Carlota de Barros – Sonho Sonhado
Ricardo Riso
Resenha publicada no semanário A Nação, n. 227, p. E21, de 5 de janeiro de 2012
A primeira percepção positiva do terceiro livro de poesia de Carlota de Barros é a ousadia, que complemento como dever cívico a Cabo Verde, em razão da edição trilingue em língua materna cabo-verdiana, português e inglês. O primeiro livro de poesia com essa característica em seu país. “Sonhu Sunhadu”, “Sonho Sonhado”, “Dreamt Dream” é uma republicação ampliada do IBNL, ano de 2010, contém 55 poemas, prefácio de Teobaldo Virgínio, tradução para a língua materna de Viriato de Barros e Maria Sedovem Kemp, para o inglês.

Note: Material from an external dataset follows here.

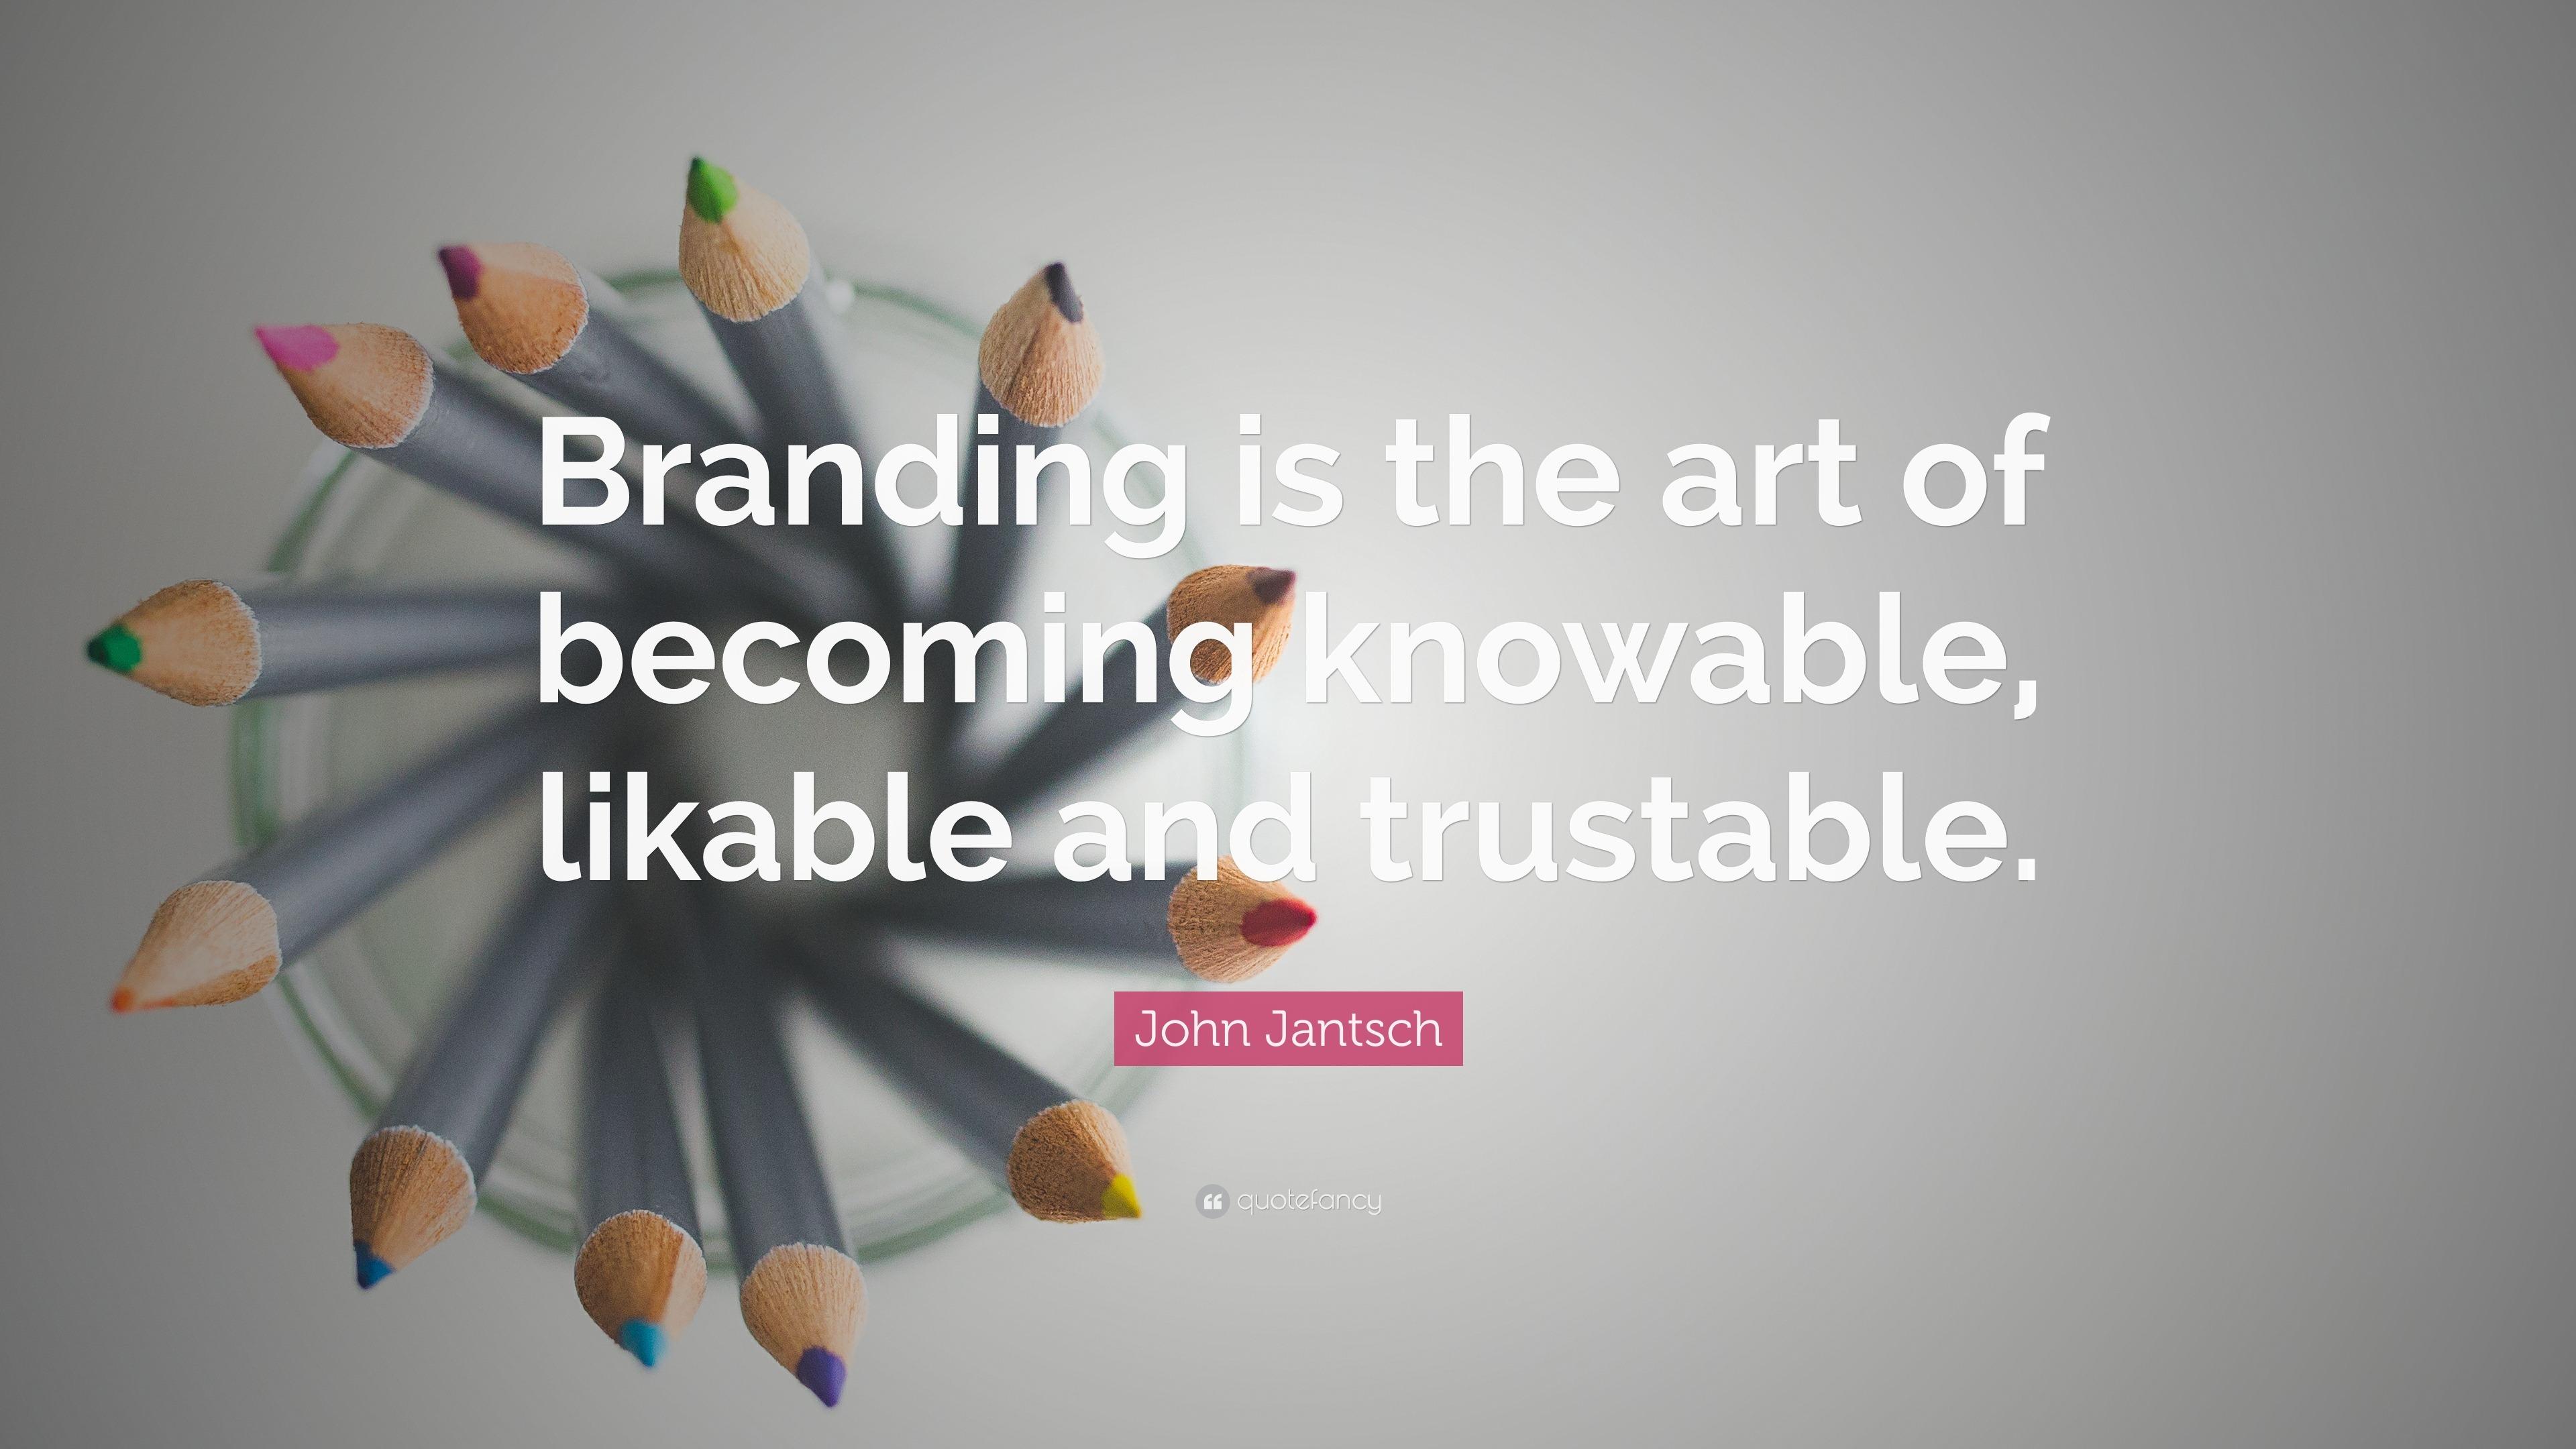 Branding Quotes John Jantsch Quotes 9 Wallpapers  Quotefancy

Carlota de Barros Fermino Areal Alves nasceu na Ilha do Fogo em 24 de Janeiro de 1942. Durante a infância viveu nas Ilhas do Fogo, Brava, S.Nicolau e S.Vicente. Em 1949 mudou-se, com a família, para Moçambique onde permaneceu até 1957, ano em que partiu para Portugal. Neste país licenciou-se em Filologia Germânica, na Faculdade de Letras da Universidade Clássica de Lisboa. Mora em Portugal desde 1974, mas visita constantemente o seu país.
Carlota de Barros é colunista do Jornal Artiletra, tem textos publicados na Revista Pré-Textos e em outras revistas de Letras e Artes. Em 2000, lançou o seu primeiro livro de poesia, “A Ternura da Água”; em 2003, “A Minha Alma Corre em Silêncio”.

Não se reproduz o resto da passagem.